(Saved data entries)
=== Section Start ===
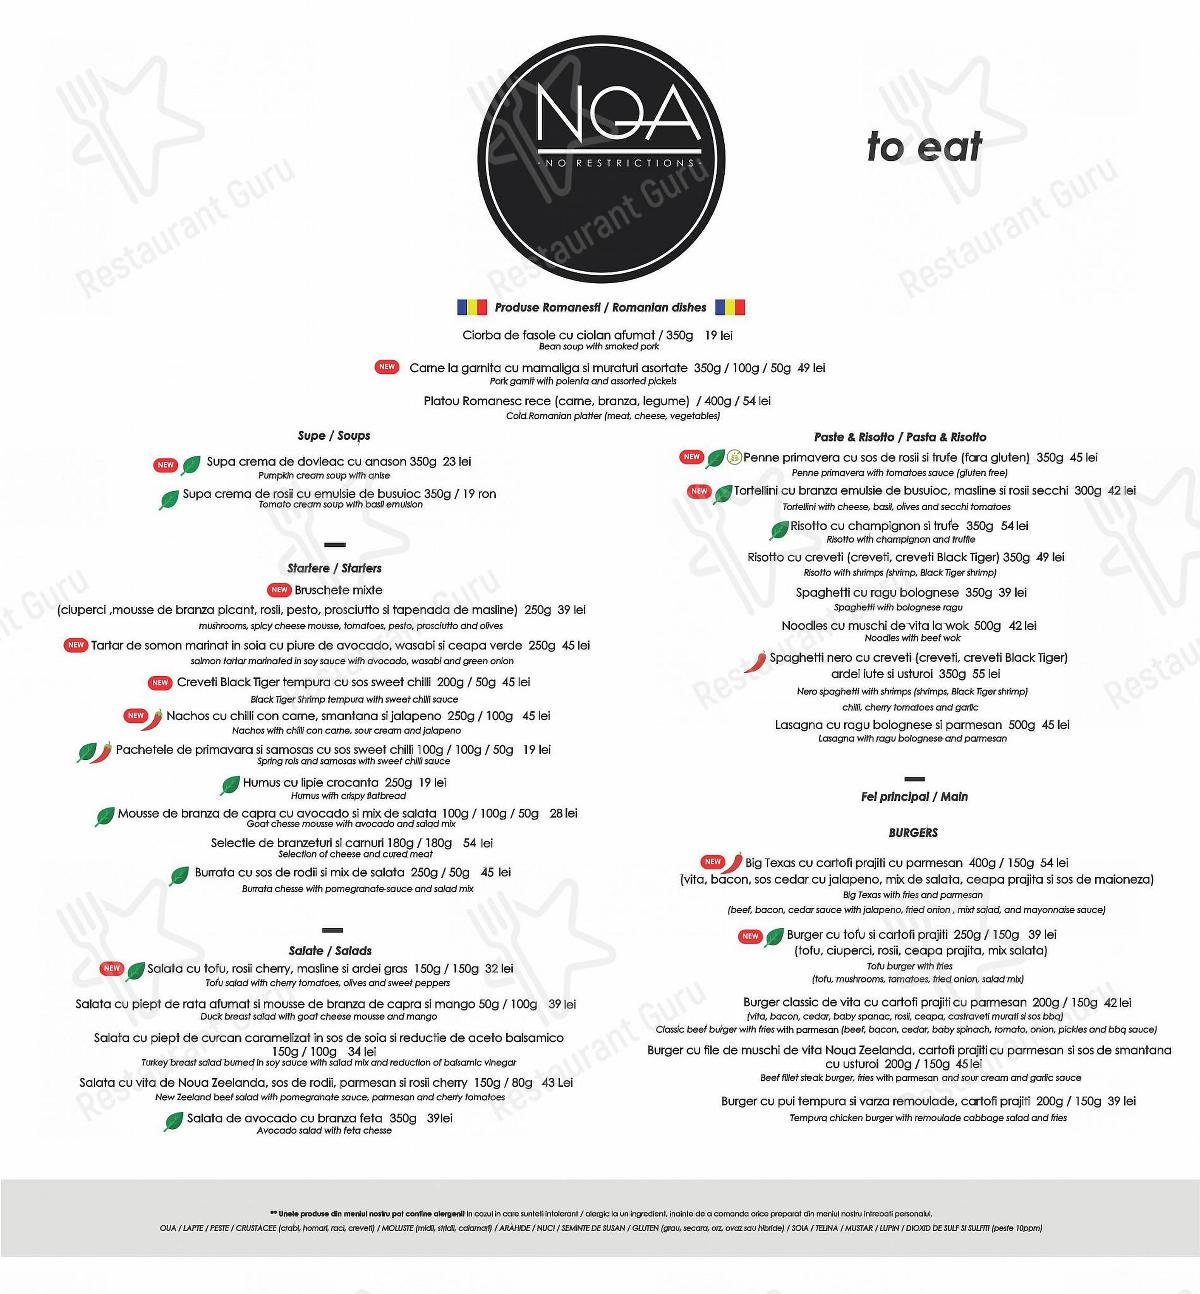 Noa restoclub menu - meals and drinks
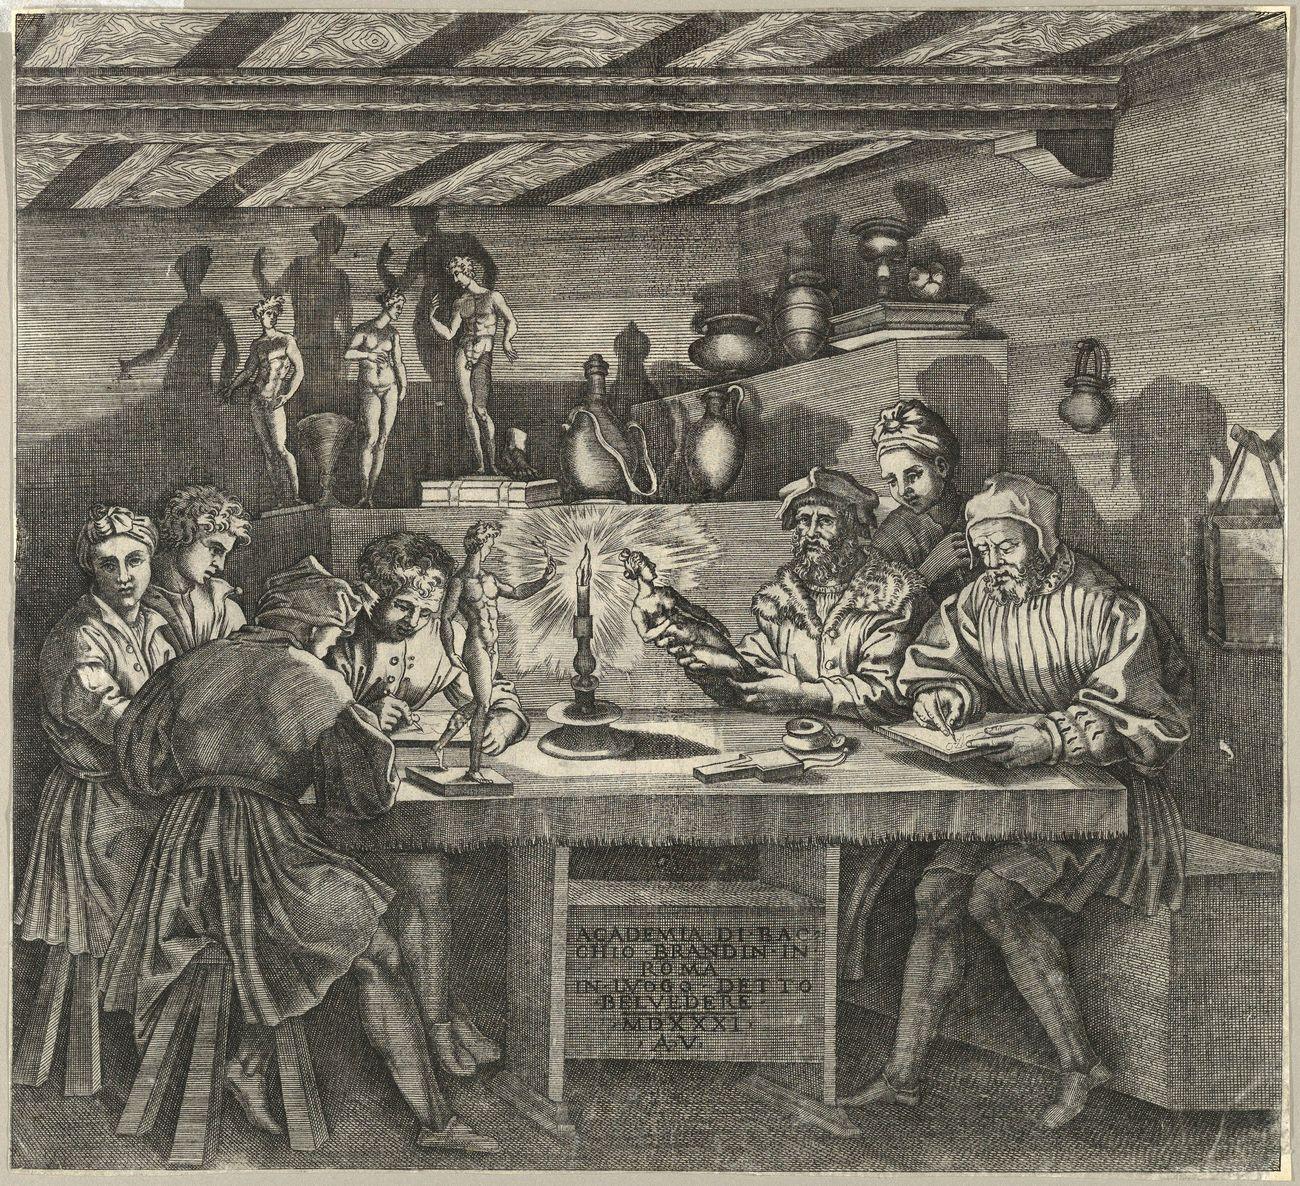 Agostino Veneziano, L'accademia di Baccio Bandinelli, 1531
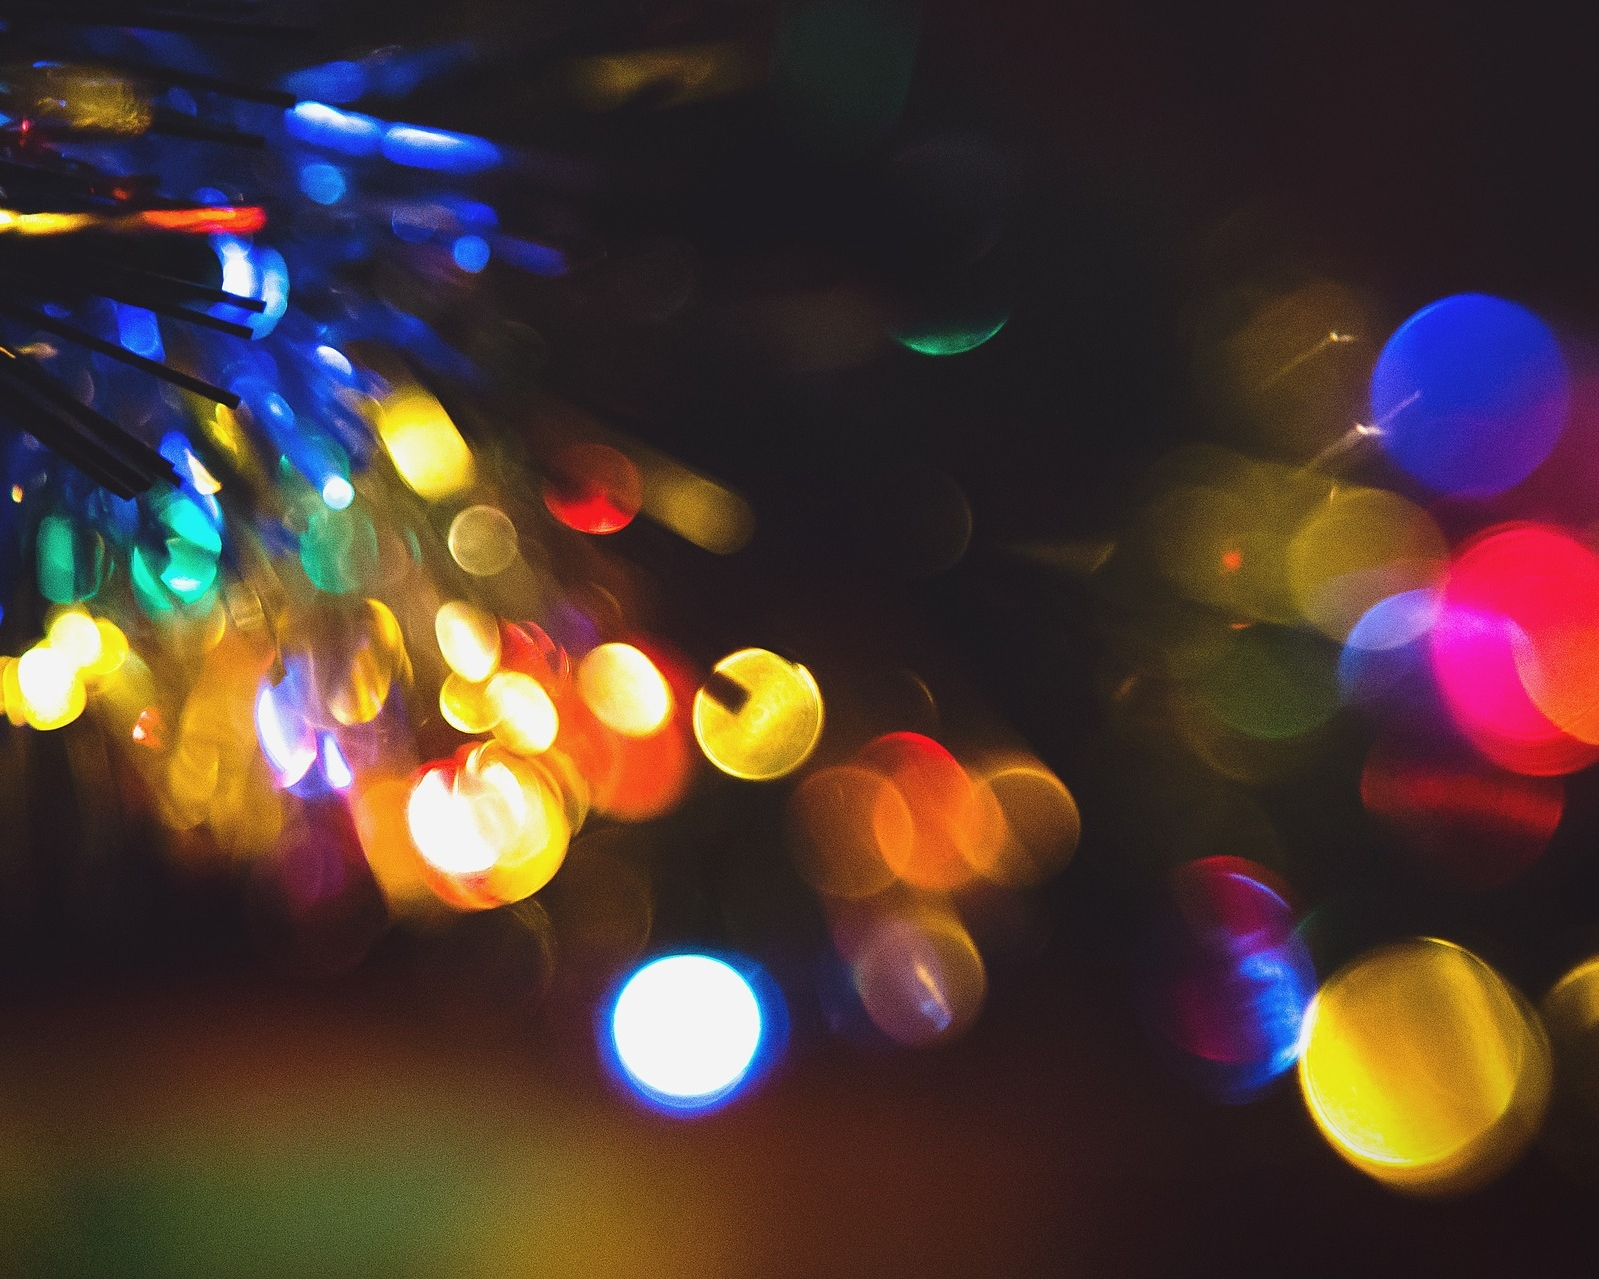 light-932340_1920.jpg
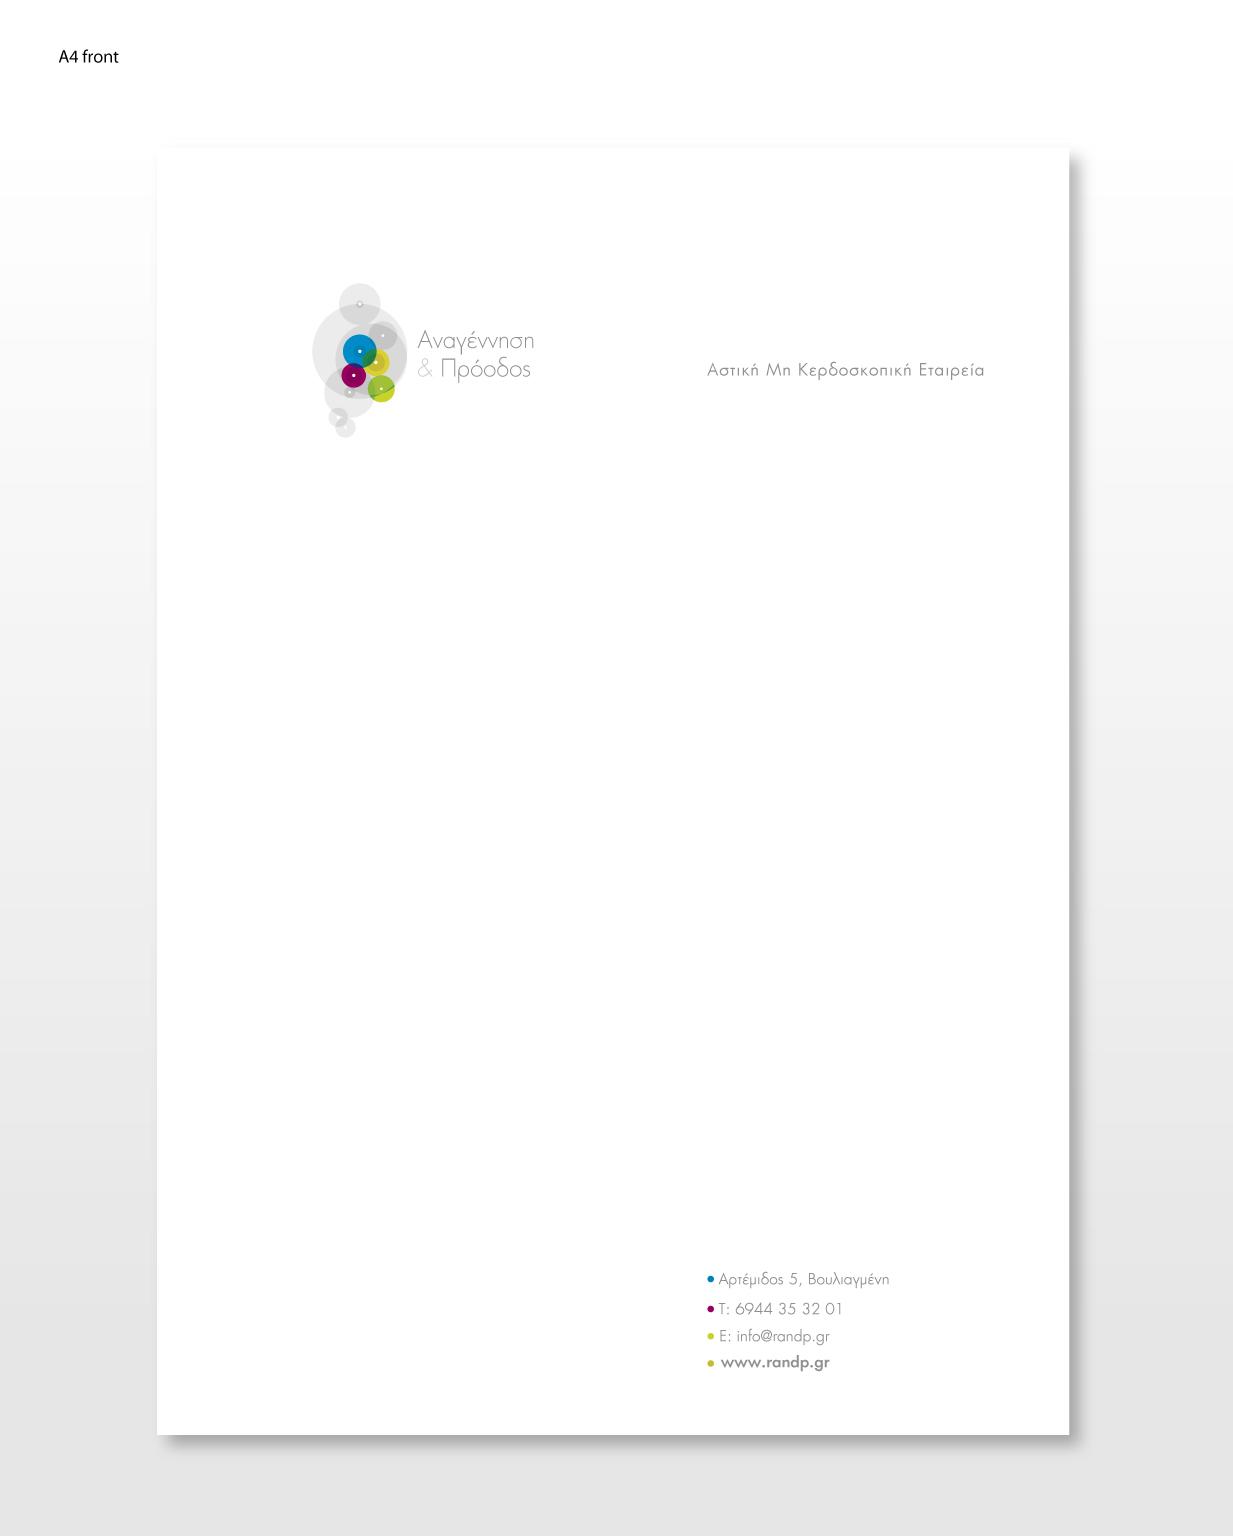 A3-DESIGN-ANAGENNISI-LETTER
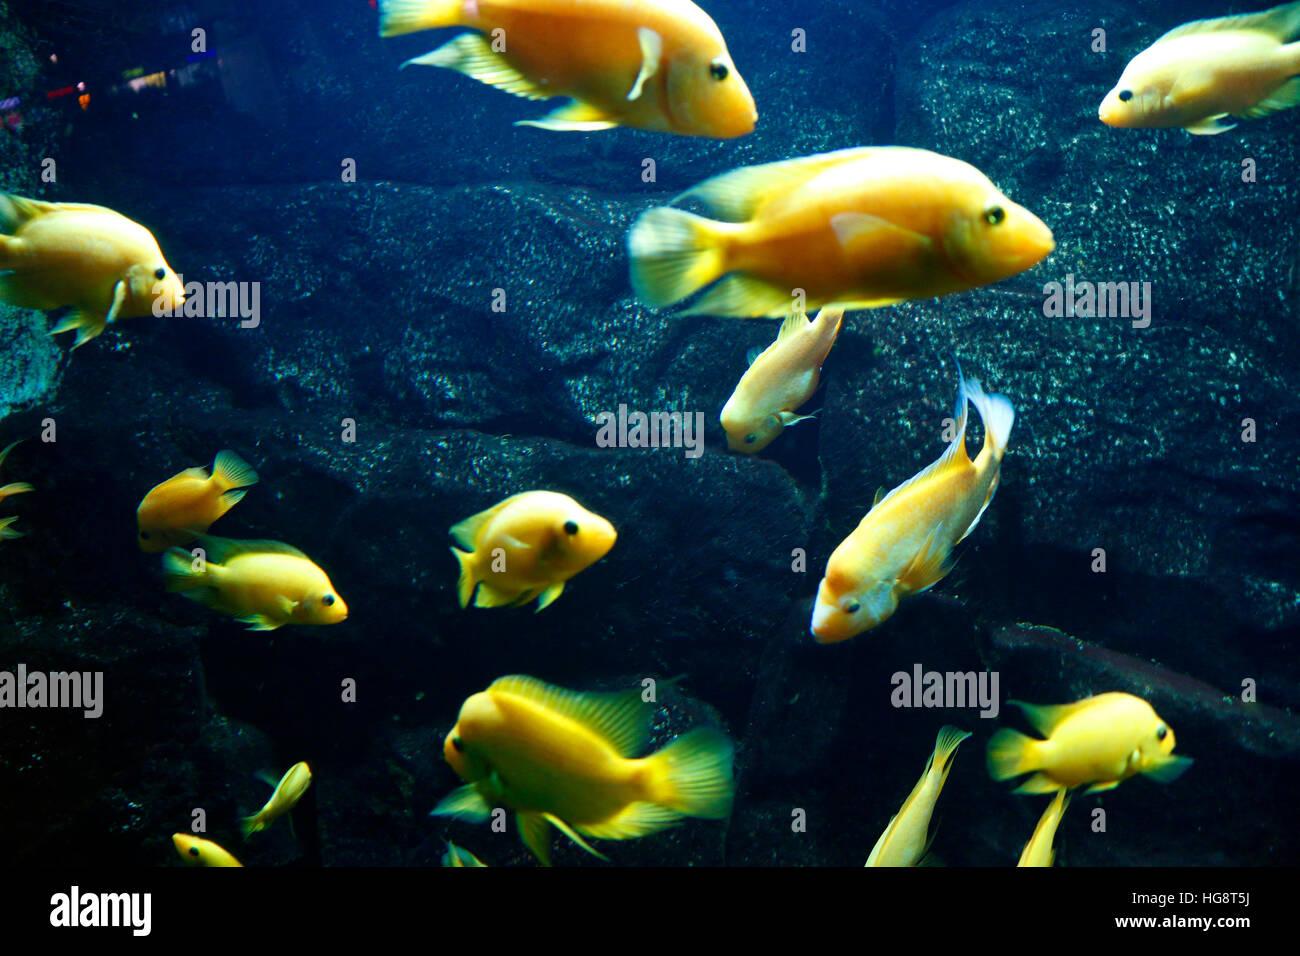 Fische in Aquarium. - Stock Image
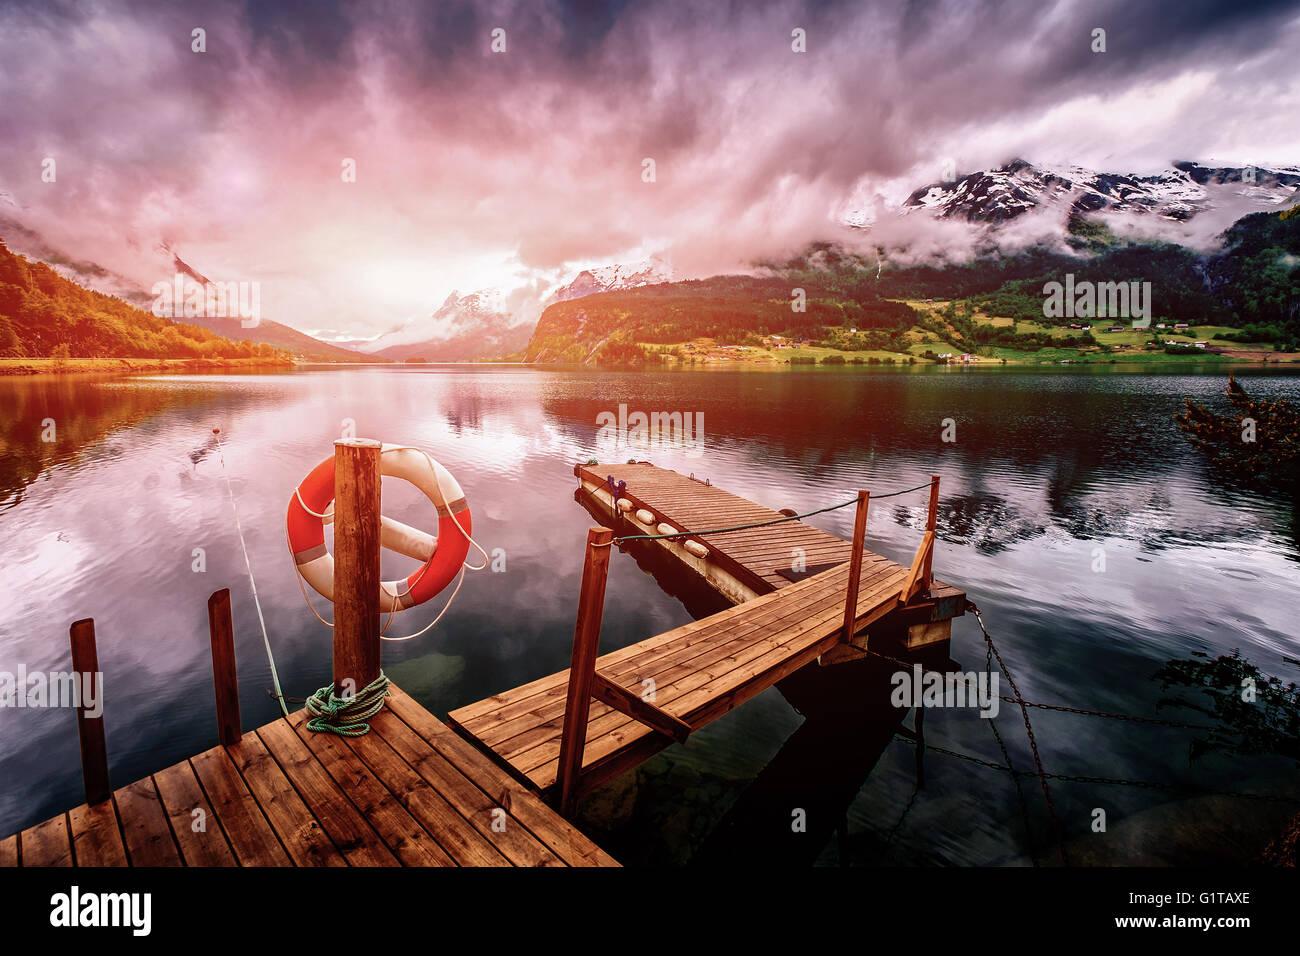 La bellissima natura della Norvegia paesaggio naturale. Filtro applicato in post-produzione. Immagini Stock
=== Section End ===
Instructions to follow: Leave the images behind and write out every entry exactly.

Reply to the exercise:
 Noa restoclub menu - meals and drinks
 Agostino Veneziano, L'accademia di Baccio Bandinelli, 1531
 light-932340_1920.jpg
 A3-DESIGN-ANAGENNISI-LETTER
 Fische in Aquarium. - Stock Image
 La bellissima natura della Norvegia paesaggio naturale. Filtro applicato in post-produzione. Immagini Stock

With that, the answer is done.